The Maua Square in Rio is back as one of the hotspots in the city. And that is a good thing. For locals, and for visitors in Rio. Located in the port zone of Rio de Janeiro, Praça Mauá is an interesting square, and when exploring historic Rio, just a walking distance from one of the oldest neighborhoods of the city, Morro da Conceição. An area of around 25 thousand square meters, the Maua square in Rio is in a way defined by the futuristic Museum of Tomorrow, a fantastic building designed by the Spanish architect Santiago Calatrava, set on Mauá Pier.
The place always was one of the most important areas in the old city of Rio, since it was the place where the ships arrived with all products. The square officially was inaugurated in the beginning of the twentieth century, commercial ships would dock there, bringing products and tourists to Rio de Janeiro. Soon the surrounding neighborhood developed into a busy area with bars, money changers, and brothels.
After the city Rio lost its status as capital of Brazil in 1960 downtown Rio, including the port zone, went through a period of decay. Especially in the evenings and weekends the area was to be avoided. However, because of the World Cup football in 2014 and the Olympic Games in 2016 the region around the square was revitalized. And the last couple of years the square has gained a lot of popularity due to events, congresses, parties and other social activities that took place on and around the square.
Nowadays the square is known for different reasons. Besides the museum of Tomorrow, there is also the Rio Art Museum, or MAR as it is called locally – two museums that definitely should be a part of your program with rain in Rio. MAR is an arts museum, with expositions related to the city of Rio de Janeiro. On different days you’ll find food trucks and alternative markets on the square, offering food, drinks, clothes and other stuff.
Near the Maua square in Rio, along the docks and their warehouses, incredible street art is to be found. One of the highlights is the work of Kobra, a spectacular 190-meter-long painted wall, presumably the largest street art mural ever made, known as the Wall of ethnicities. The mural comprises five faces from diverse ethnicities. You can see a Tajapo boy from Brazil, a Mursi woman from Ethiopia, a Supi man from Northern Europe, a Huli man from Papua New Guinea and a Kayin woman from Thailand.
If you are in front of Kobra’s work, it is also a short walk to AquaRio, the city’s aquarium. With about 26 thousand square-meters, and five floors and 28 tanks, it is the biggest aquarium in South America and worth visiting.

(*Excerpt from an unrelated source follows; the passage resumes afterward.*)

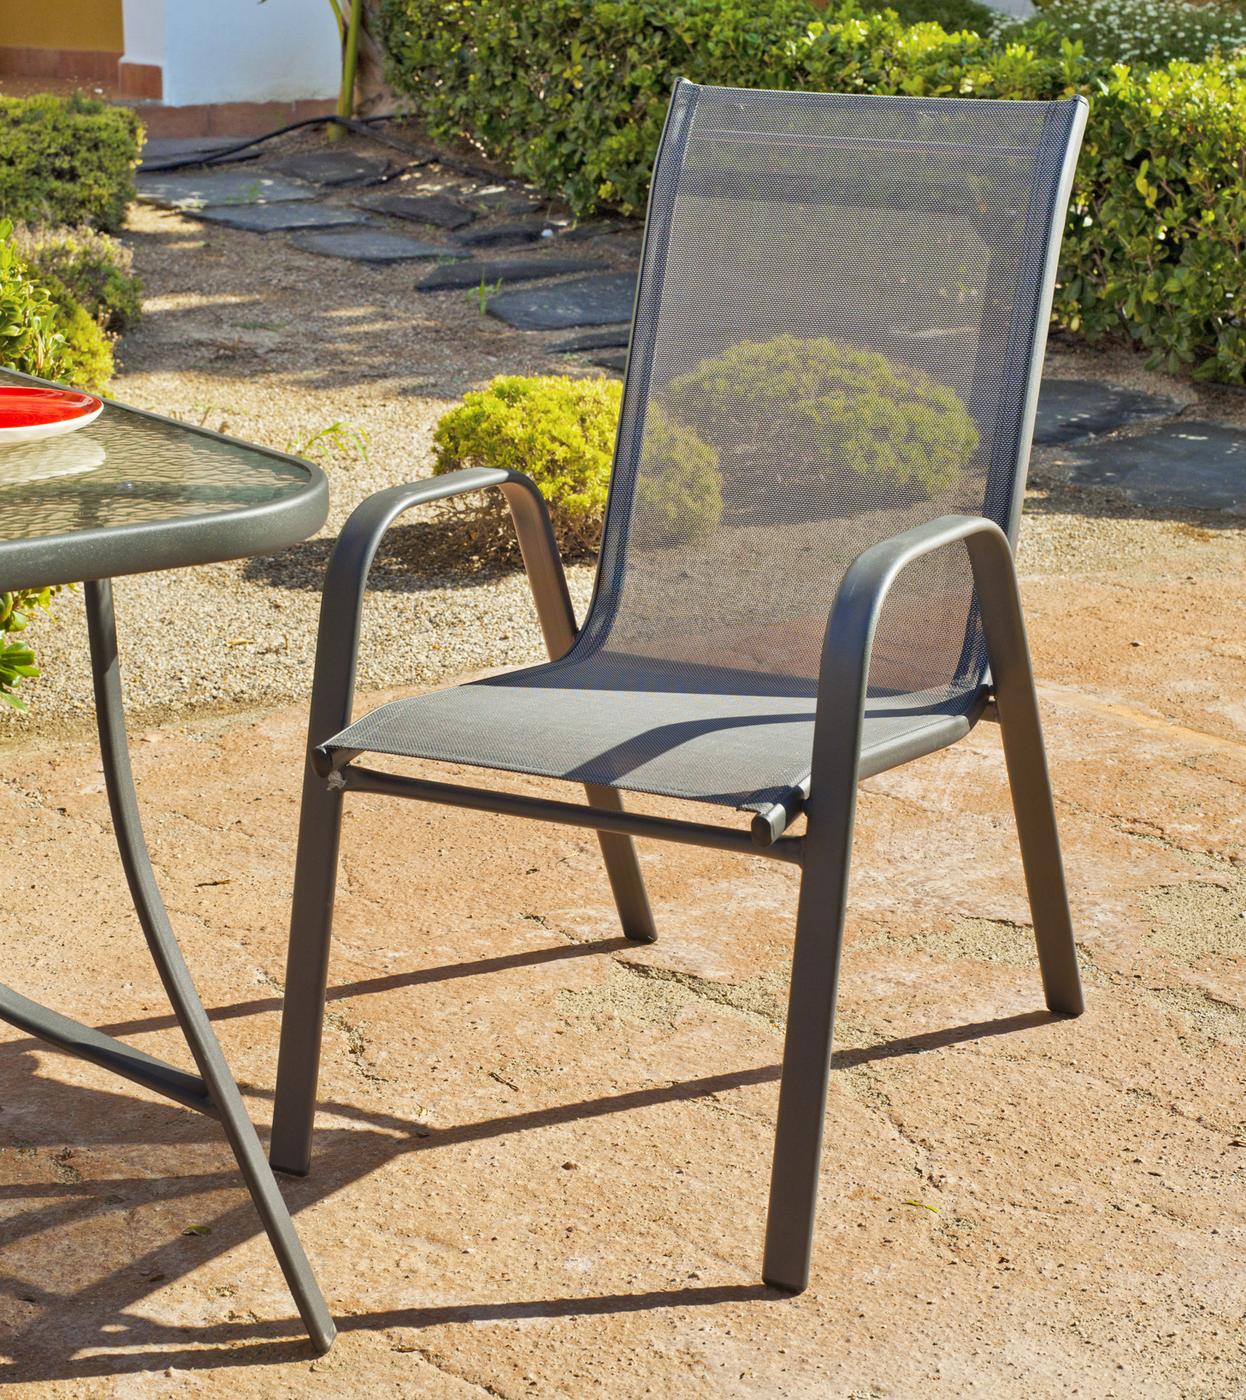 Conjunto Acero Sulam 120-4 - Conjunto de acero color antracita: mesa redonda de 120 cm, con tapa de cristal templado + 4 sillones apilables de acero y textilen

Next to the aquarium you will find the cities newest attraction, the Rio Star. A 88 meter high ferris wheel. Also the biggest in Latin America.
Another great thing of the square is its views, of the Bay of Guanabara, and of the bridge of almost 14 kilometers that connects Rio de Janeiro to satellite city Niteroi. For a long time this connection with the bay was obstructed because of a huge viaduct, with one of the highways to the international airport and connecting to the highway to São Paulo. Around the Olympics this viaduct was blown up and this created the possibility to give Rio back its connection with the water.